WHAT IS REQUIRED: With pictures omitted, the line containing "OnePlus 7T Pro" and all later lines of the records below are to be restated word for word.
Start of PROVIDED RECORDS
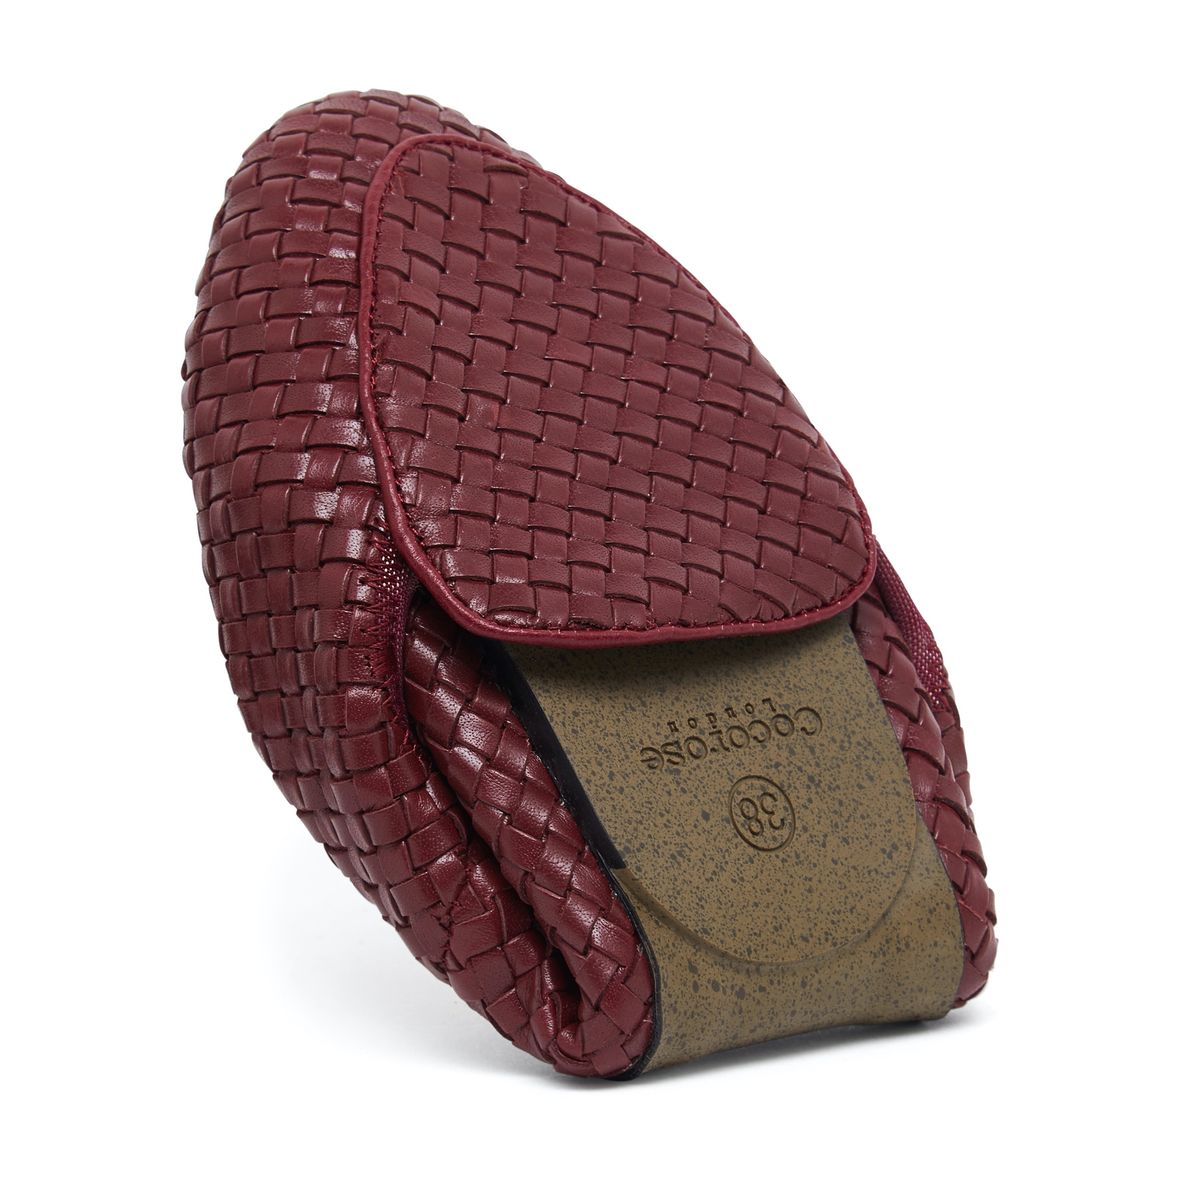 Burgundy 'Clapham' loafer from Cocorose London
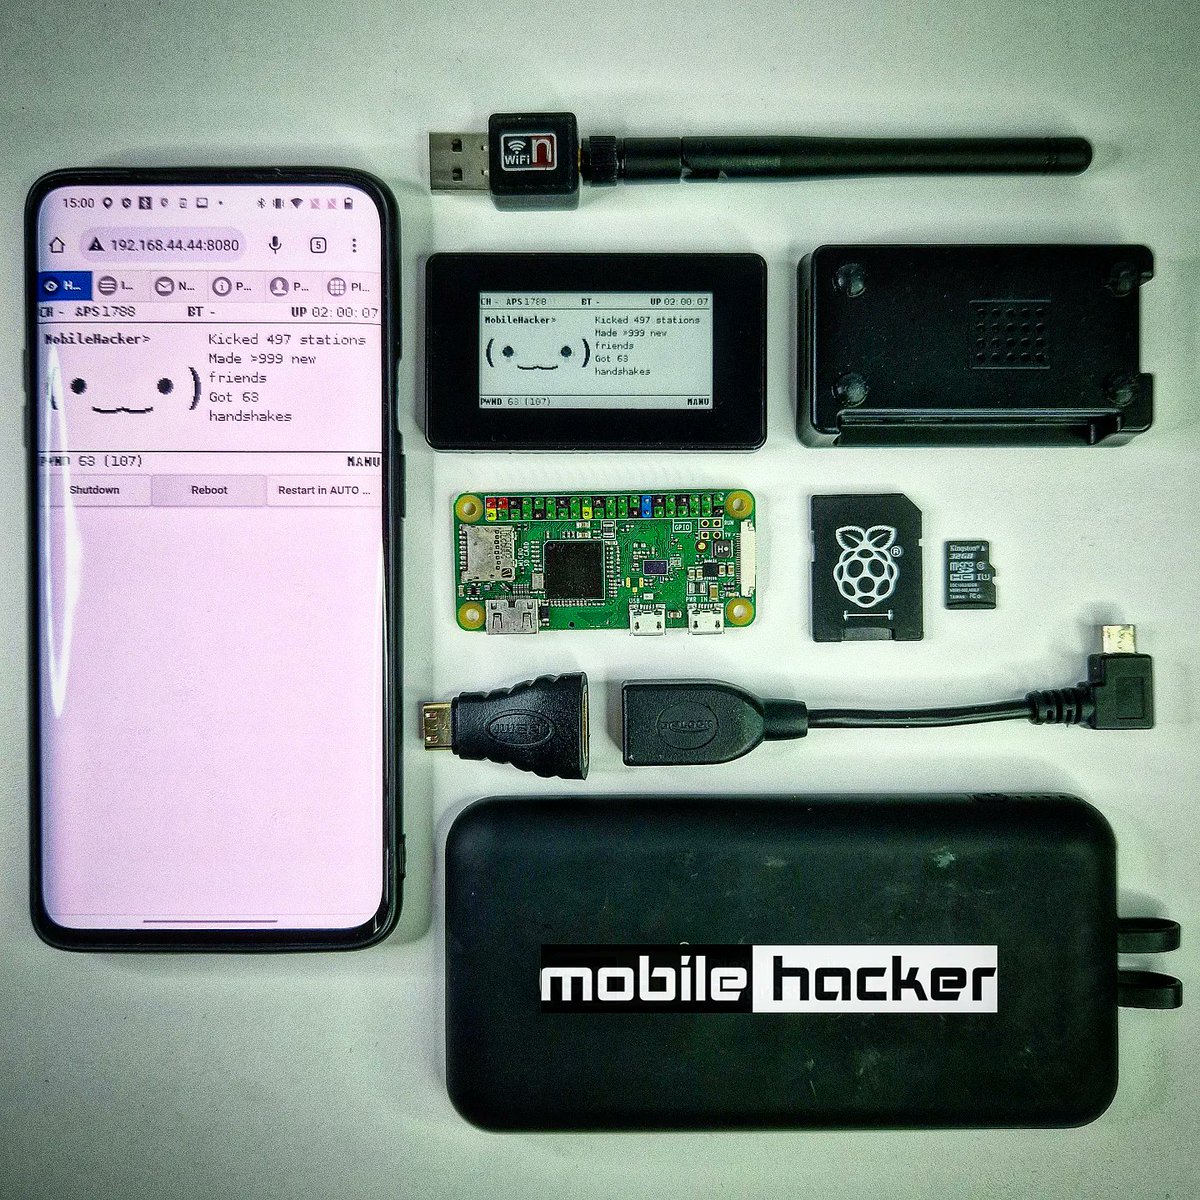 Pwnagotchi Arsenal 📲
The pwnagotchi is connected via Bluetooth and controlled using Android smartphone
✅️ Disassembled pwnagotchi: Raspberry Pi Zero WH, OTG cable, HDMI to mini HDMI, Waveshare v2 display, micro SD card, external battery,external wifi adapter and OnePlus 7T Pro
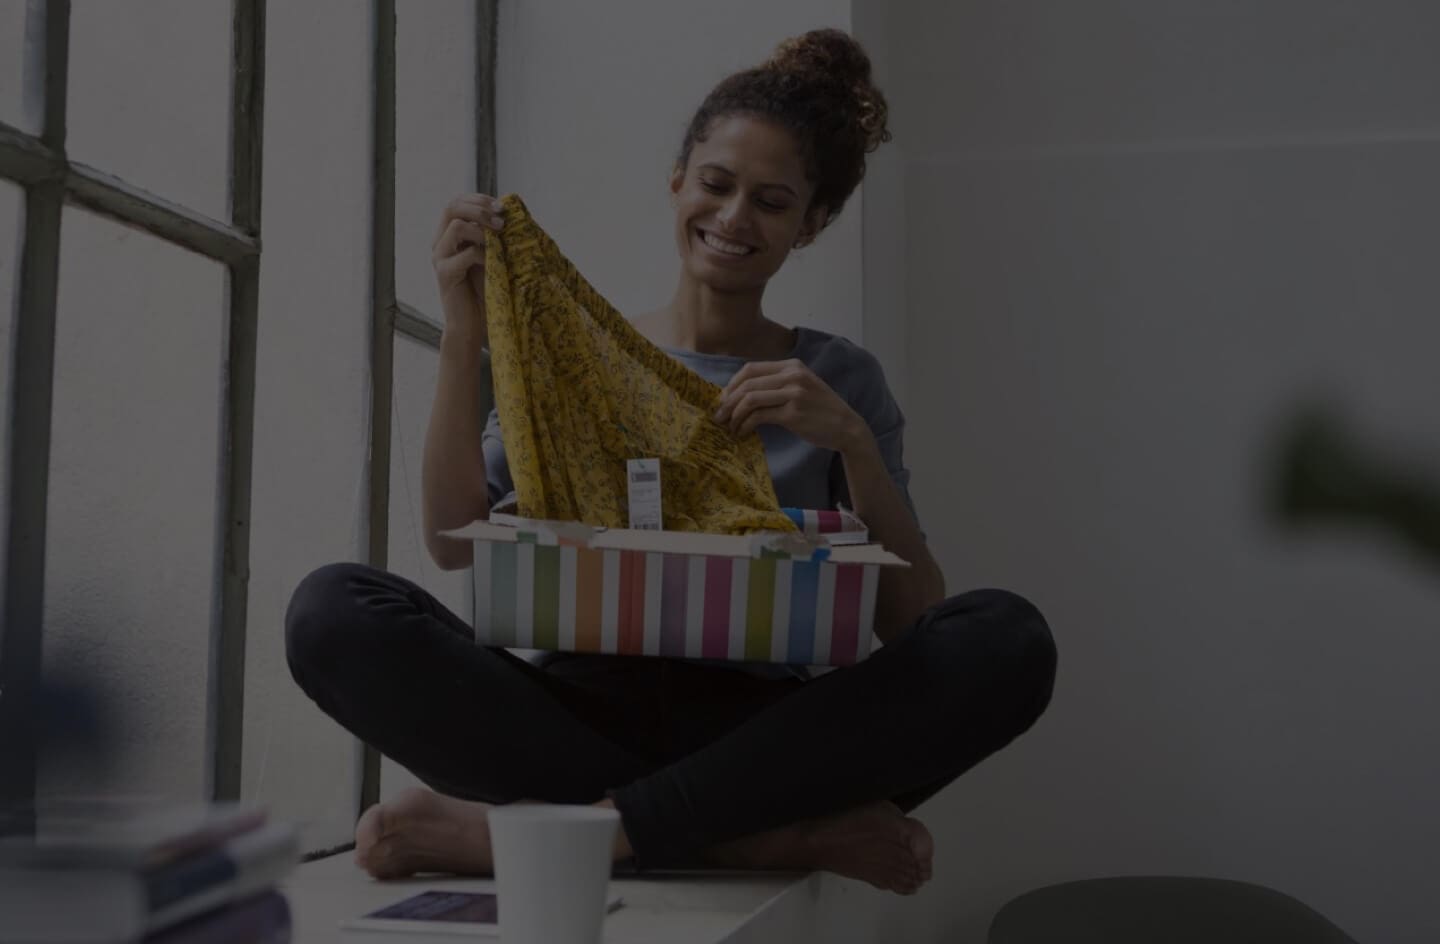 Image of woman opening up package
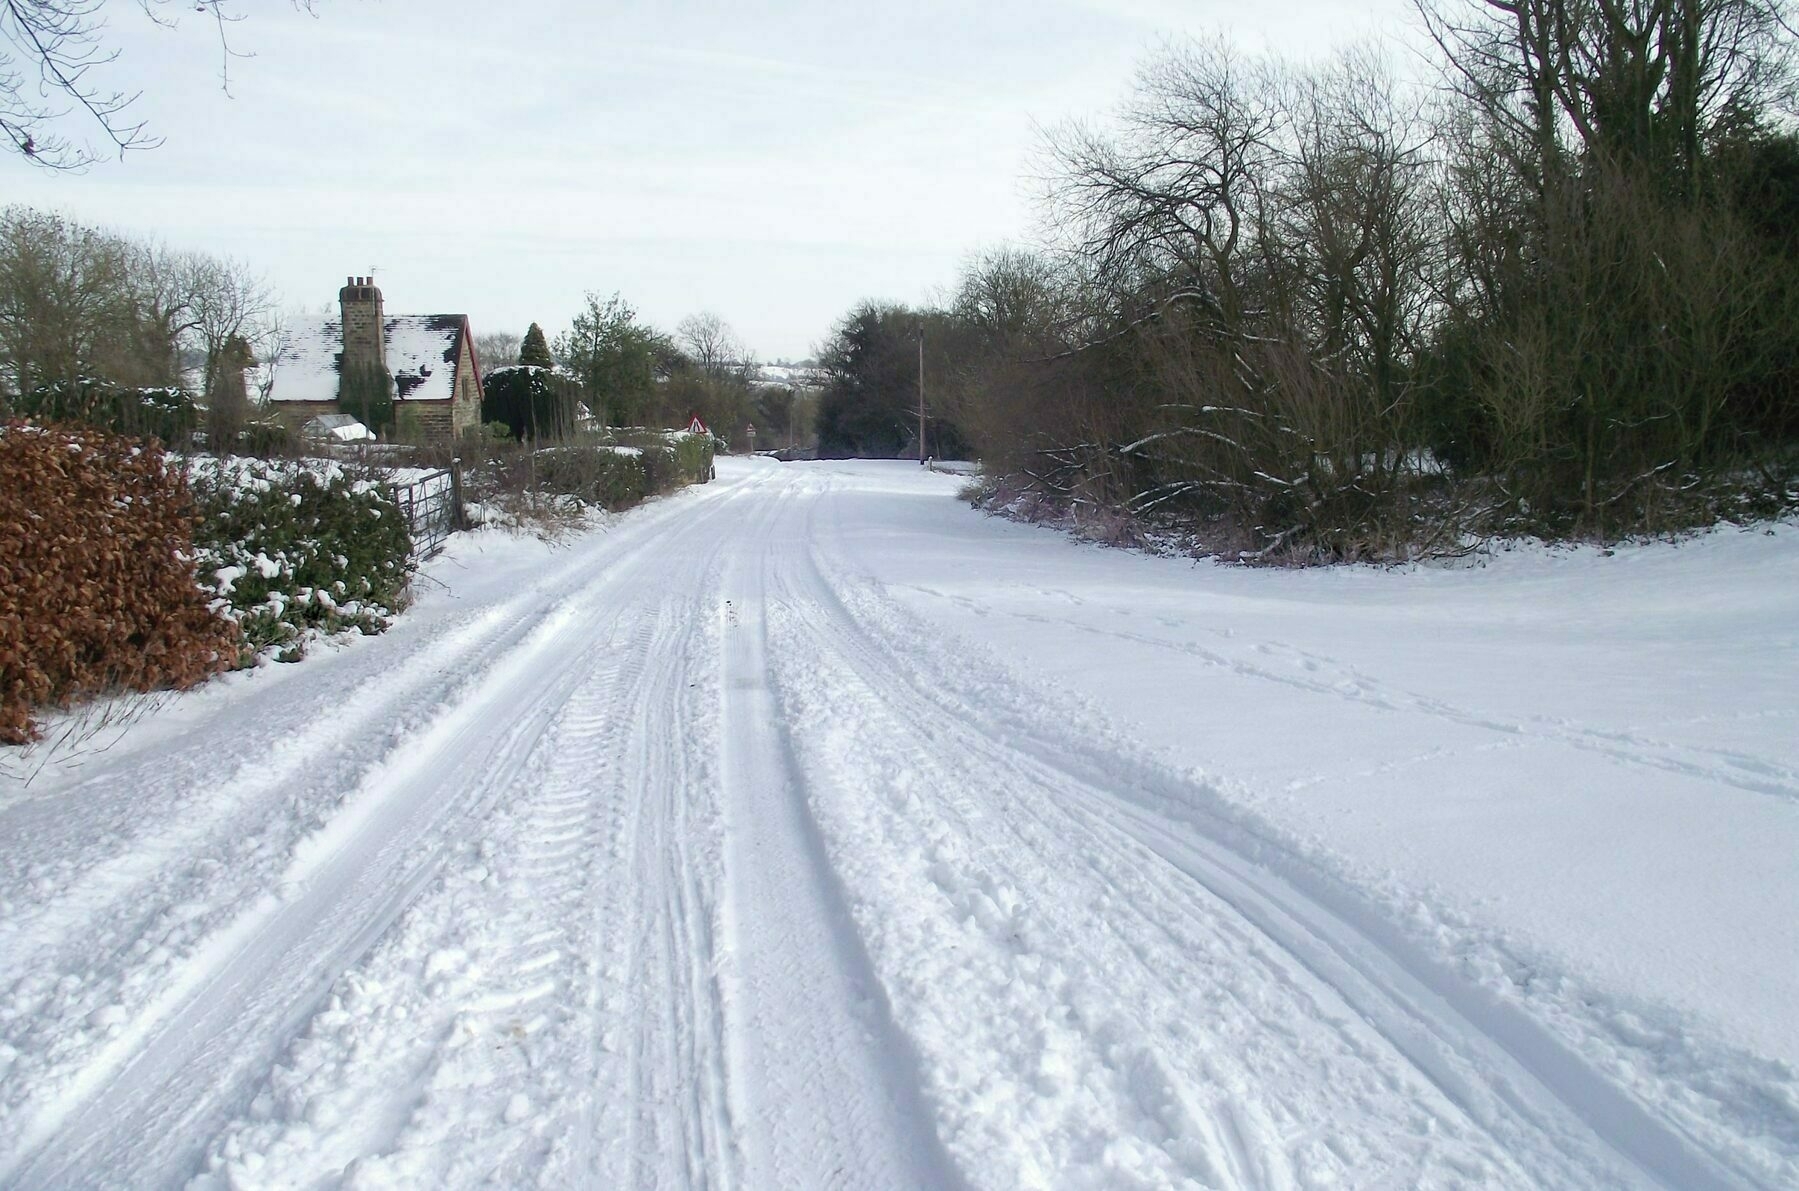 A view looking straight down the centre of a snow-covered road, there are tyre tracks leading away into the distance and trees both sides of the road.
End of PROVIDED RECORDS
ANSWER BOX:
✅️ Disassembled pwnagotchi: Raspberry Pi Zero WH, OTG cable, HDMI to mini HDMI, Waveshare v2 display, micro SD card, external battery,external wifi adapter and OnePlus 7T Pro
 Image of woman opening up package
 A view looking straight down the centre of a snow-covered road, there are tyre tracks leading away into the distance and trees both sides of the road.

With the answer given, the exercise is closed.